Investigation of the Molodensky series terms for terrain reduced gravity field data

Masses associated with the local topography are a dominant source of short wavelength gravity field variations. In the modeling of the gravity field it is thus and advantage to eliminate the effect of the terrain in a remove-restore procedure. In this process, terrain reductions are computed for the observation stations at the Earth's surface, considering either the complete topography, the topography and its isostatic compensation, or the residual topography (RTM technique ). Hence, the reduced gravity field observations are referring to the actual ground level. Therefore, Molodensky's theory, considering data on non-level surfaces, should be applied in the traditional gravity field modeling approaches, while in collocation this is handled directly through height dependent covariance functions.
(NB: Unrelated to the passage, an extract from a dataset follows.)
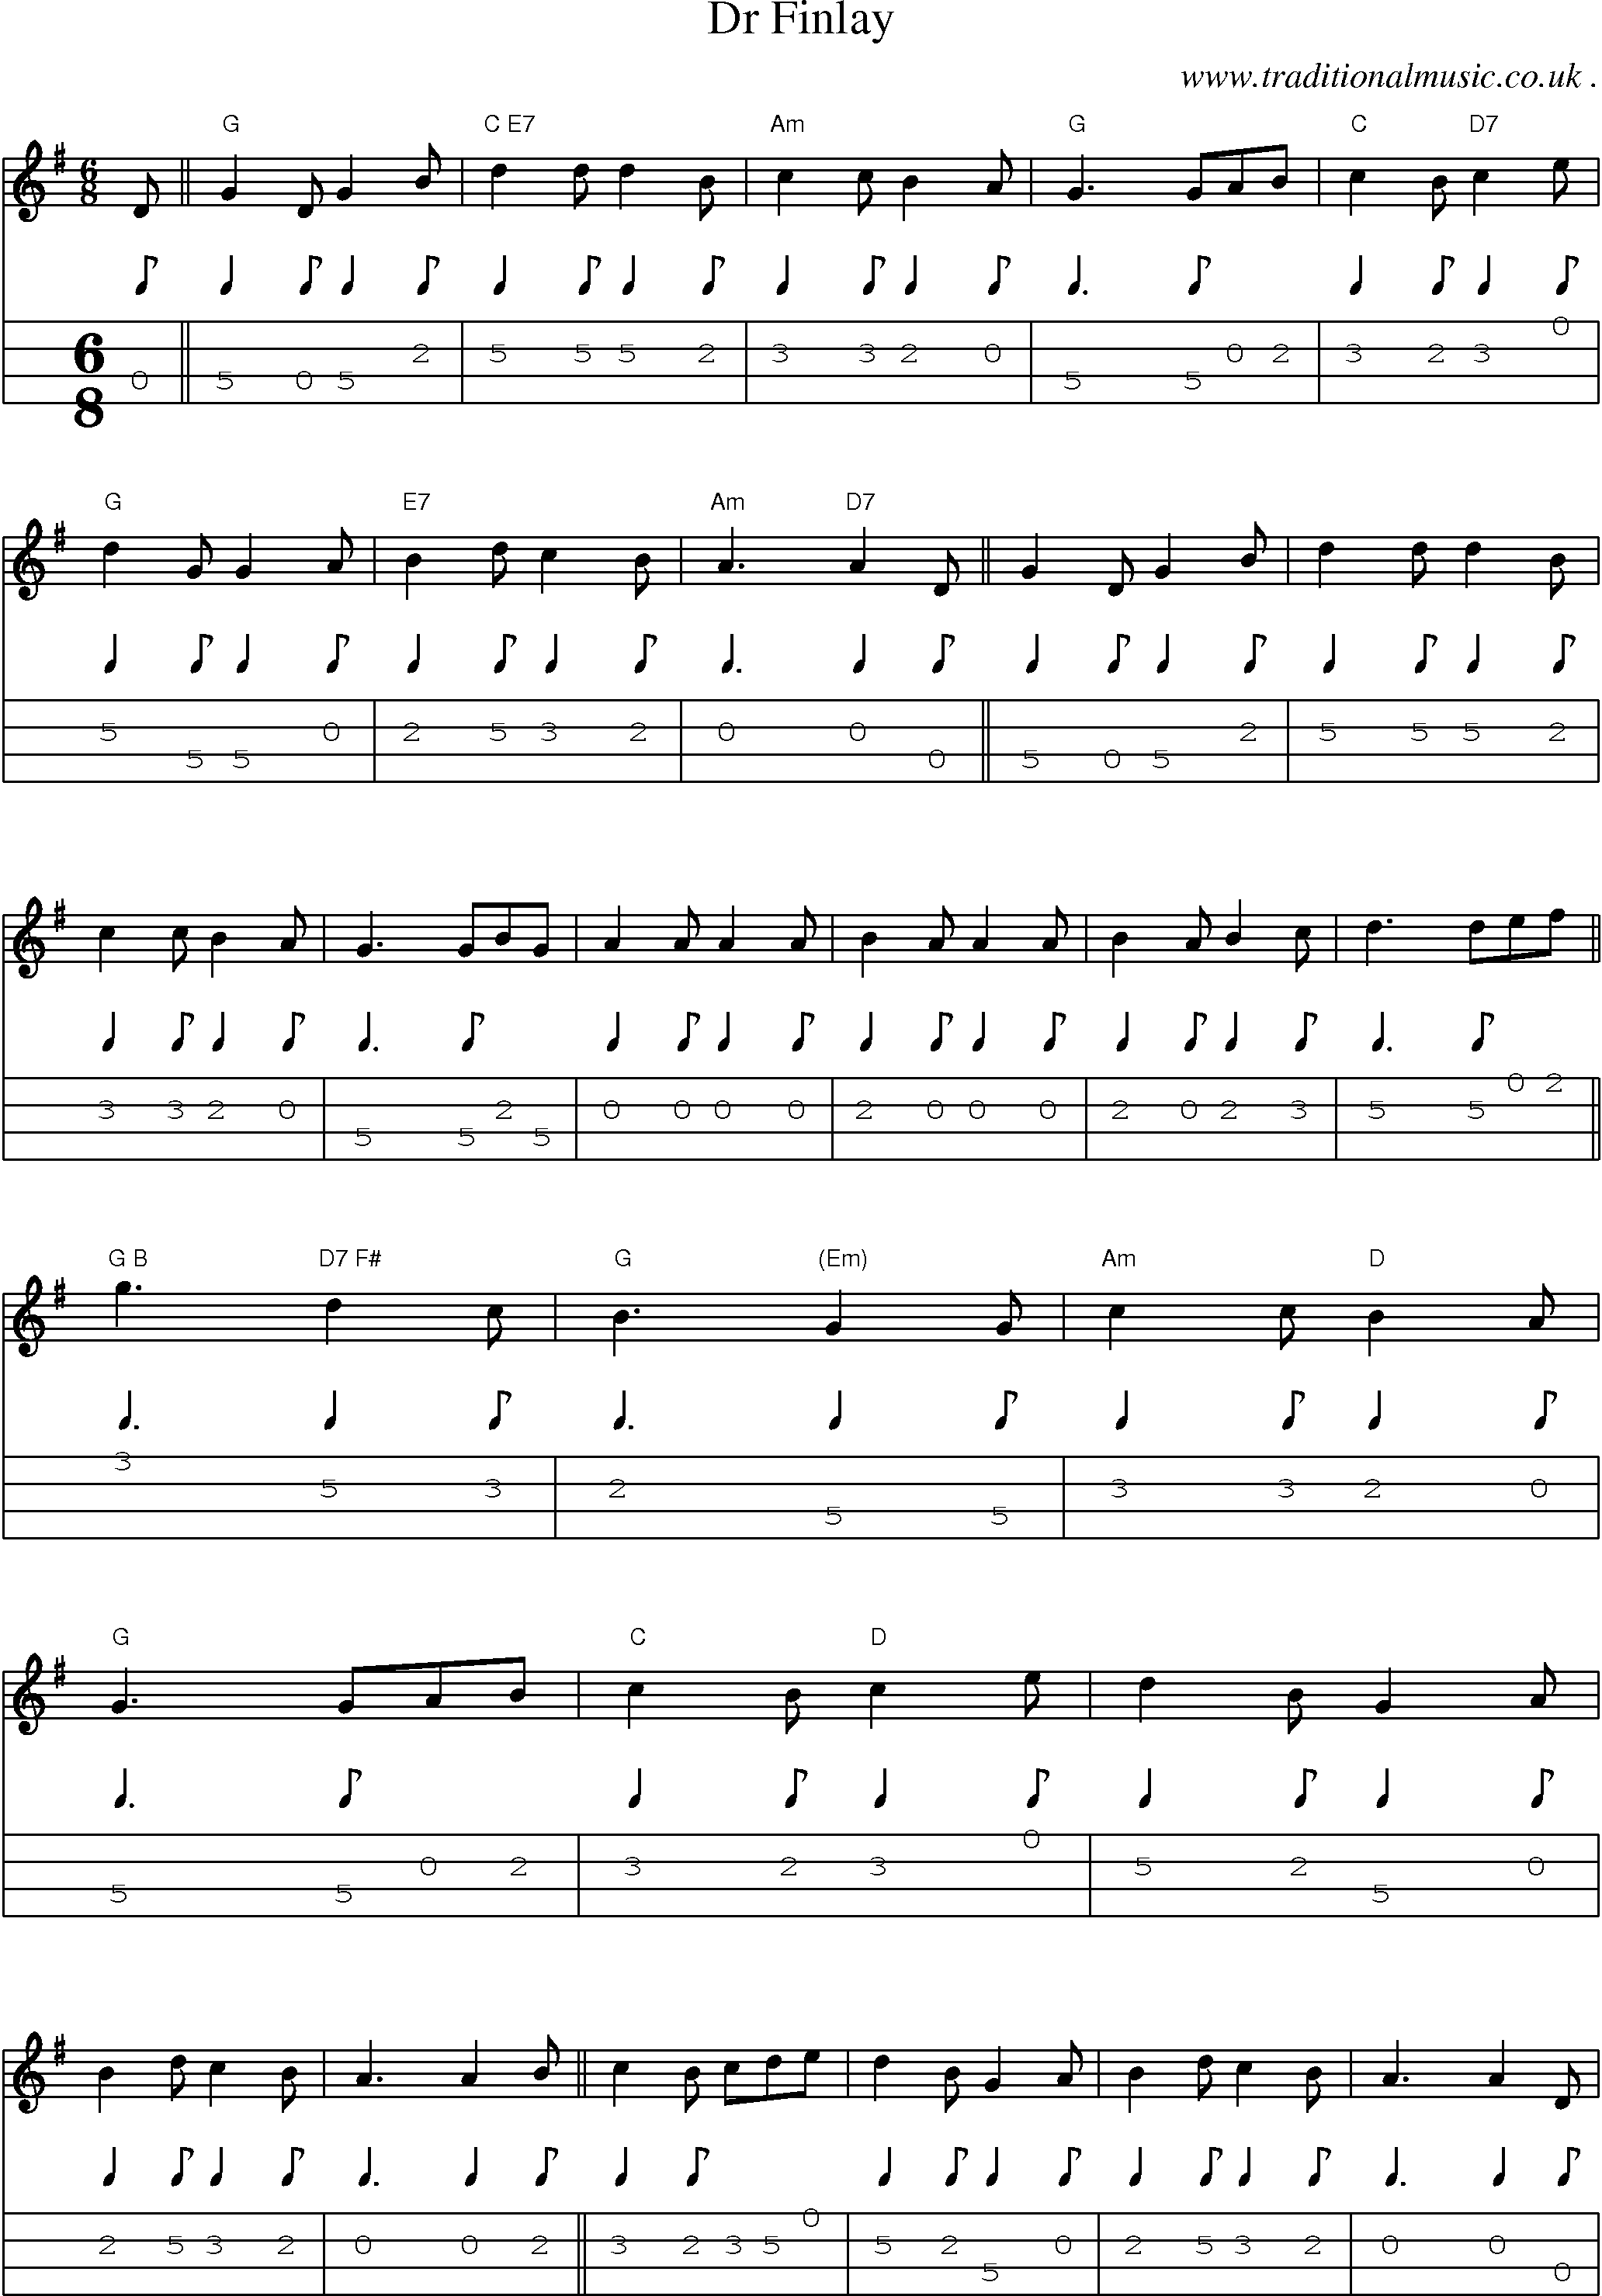 Sheet-music  score, Chords and Mandolin Tabs for Dr Finlay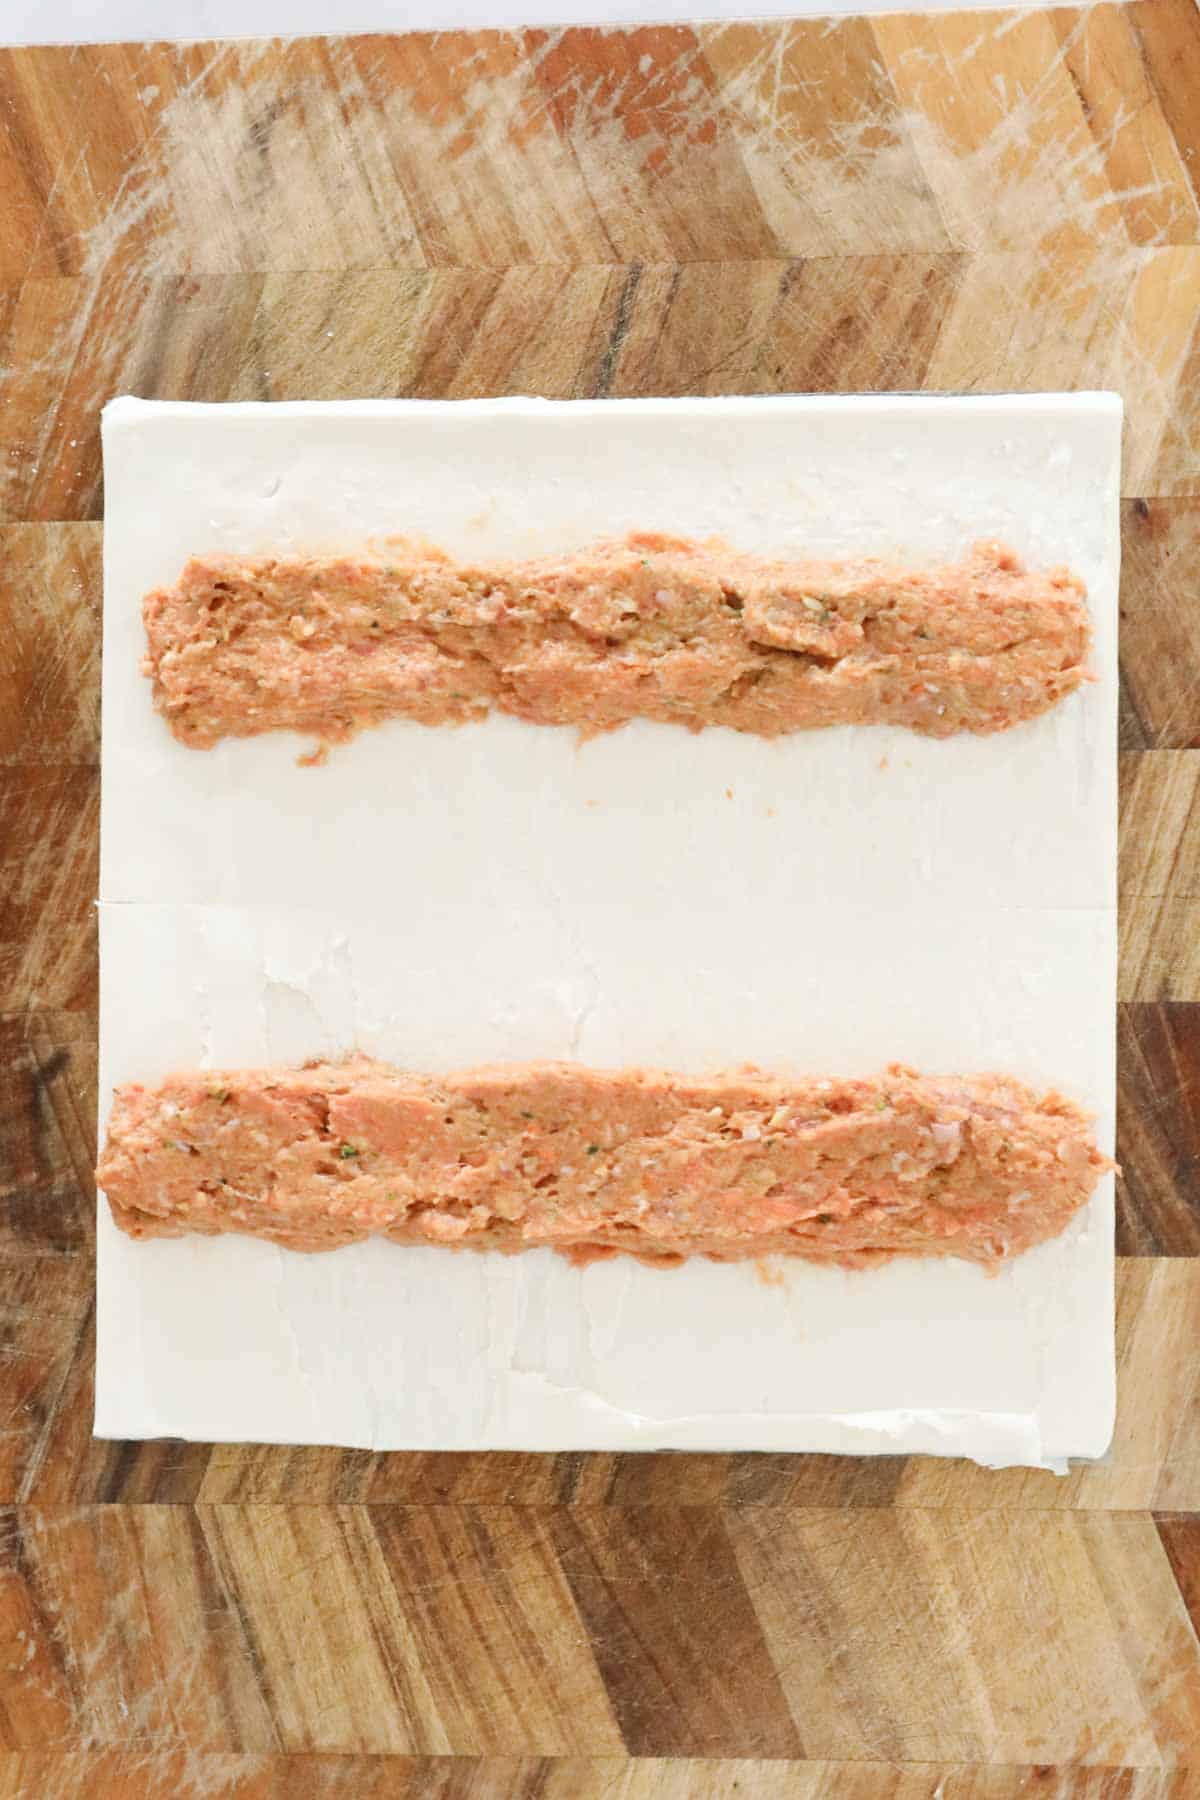 Pork mince mix placed in two long lines on a pastry sheet cut in half.

In this paper, we provide numerical examples for the computation of the Molodensky series terms associated with the traditionally unreduced observations as well as in connection with various terrain-reduced data. Due to the smoothing, resulting from the terrain reductions, the magnitude of the Molodensky terms is reduced as well and the series convergence is improved. The computations are based on the Fast Fourier Transform (FFT) technique. The numerical tests are done in a mountainous area of the European Alps. The terrain data are on grids with various grid spacings starting at a resolution of 200 m. One of the main goals of this study is to investigate the magnitude of the Molodensky terms with regard to the computation of an improved European quasigeoid model.